Miró alrededor y era un lugar oscuro, como una casa abandonada o algo, en realidad no sabía dónde estaban.

- Al fin despertaron -clamó una voz que aterrorizó a Mako. Al parecer Bolin ya la había escuchado y por eso se limitó a bajar la cabeza con miedo- Ya era hora.

El contorno de alguien alto era bordeado por una sombra negra debido a la falta de iluminación de aquel lugar.

- ¿Quién eres y por qué atacas Zaofu? -esbozó Mako-

- No estás en posición de hacer preguntas, joven detective Mako. -contestó con una voz que raya entre lo cantarina y lo burlona-

- ¿Sabes quién soy? -preguntó sorprendido-

- Sé quién eres -contestó- ambos... Por eso me sorprendió verlos aquí solos sin el avatar -hizo una pausa dramática- y dime... ¿Dónde está ella?

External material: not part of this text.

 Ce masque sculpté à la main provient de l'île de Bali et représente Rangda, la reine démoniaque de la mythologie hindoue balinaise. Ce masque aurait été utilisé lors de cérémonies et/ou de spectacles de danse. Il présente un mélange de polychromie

Mako arrugó su frente presa de la confusión. Algo en esa persona se le hacía familiar pero limitarse a ver su sombra no ayudaba mucho, hubiese querido arrojarle una llamarada al rostro solo para poder mirarla a los ojos, pero estaba inmovilizado, así que se limitó a preguntar.

- ¿Te conozco?

- Si, de hecho -contestó en medio de risitas-

- ¿Qué es lo que quieres? ¿Dime por qué hiciste volar el parque? ¡Muchas personas resultaron heridas! ¿Cuál es tu problema?

- ¡MI PROBLEMA SON USTEDES! -gritó- ¡USTEDES Y ESTE MALDITO PUEBLO! Pueblo al que voy a reducir a cenizas... y junto con él, a su fundadora.

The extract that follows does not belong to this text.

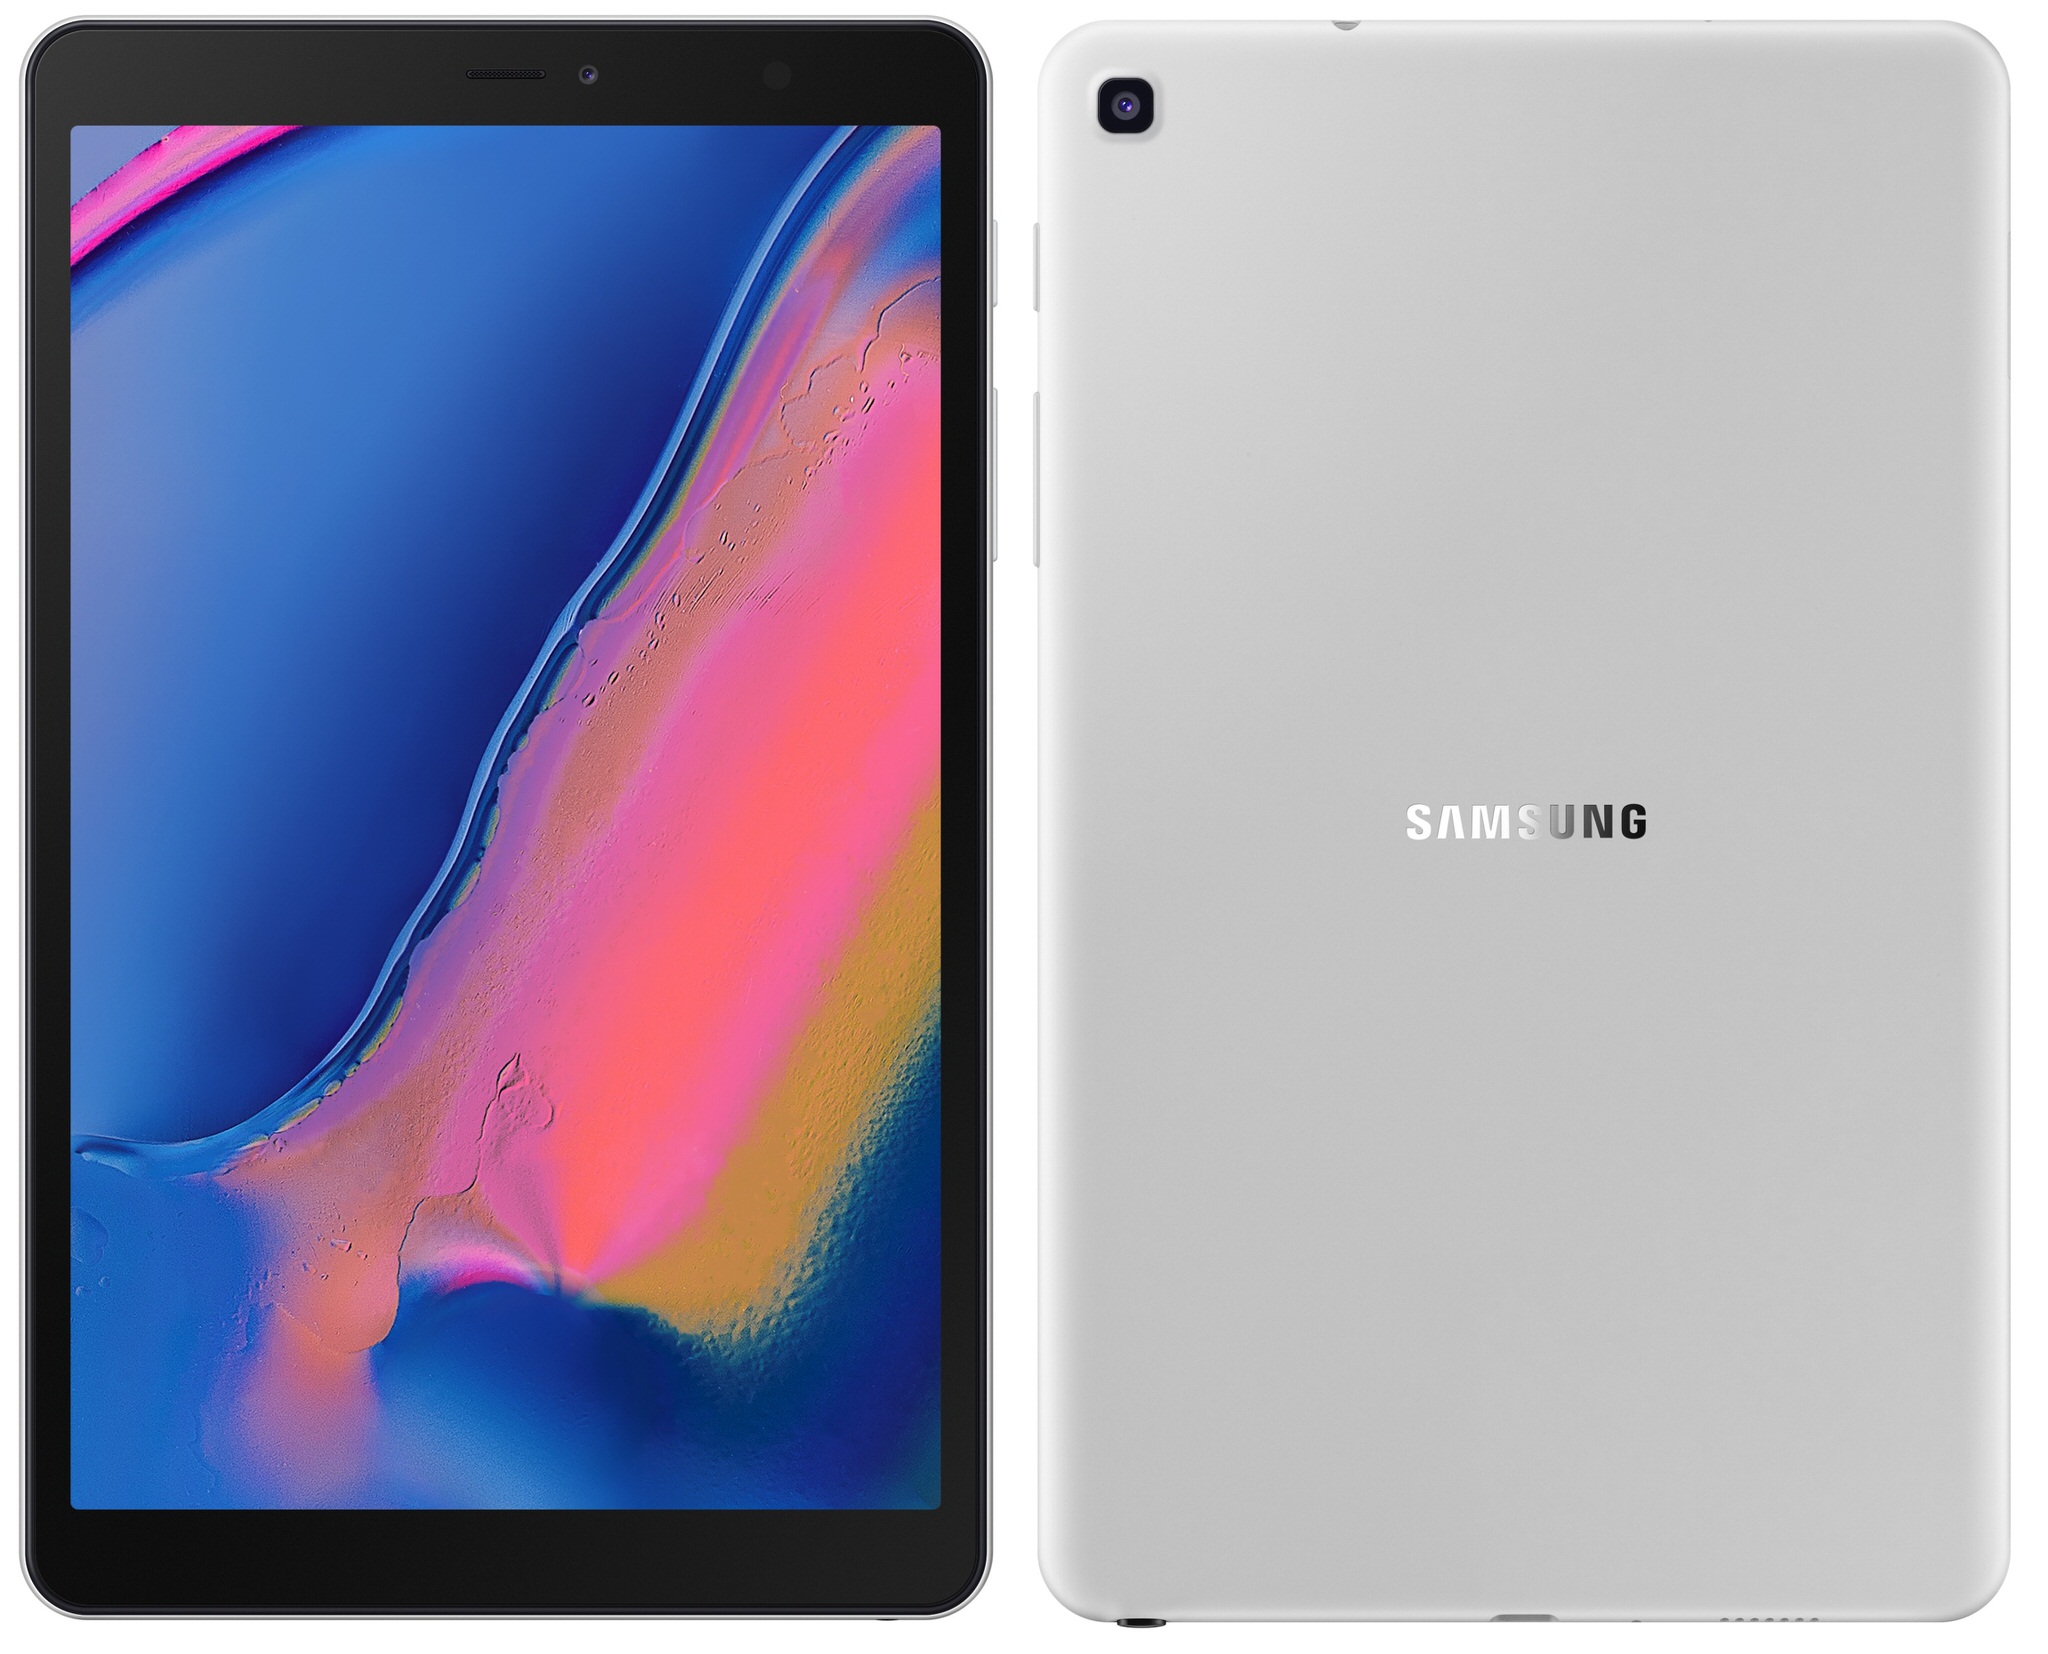 Samsung ra mắt bộ ba máy tính bảng mới: Galaxy Tab S5e, Galaxy Tab A 10.1 và Galaxy Tab A Plus 8

- ¿Suyin? -exclamó preocupado Bolin- ¿Por qué quieres hacerle daño?

- ¡Espera!... Ahora sé quién eres -contestó Mako luego de pensar por unos segundos- todo tiene sentido ahora. ¡Eres una de ellos! ¡Volviste!... ¡P'Li!

Al instante, la maestra combustión se plantó frente al rostro de Mako clavándole una mirada aterradora mientras su rostro se iluminaba y su boca profería las palabras...

- ¡Eres el primero que me ve y no piensa que soy un fantasma!

- ¡NO DEJAREMOS QUE LE PONGAS UN DEDO ENCIMA A SUYIN! -gritó Bolin a un lado-

- Oh cariño... No creo que puedas detenerme... Ni siquiera la muerte pudo hacerlo.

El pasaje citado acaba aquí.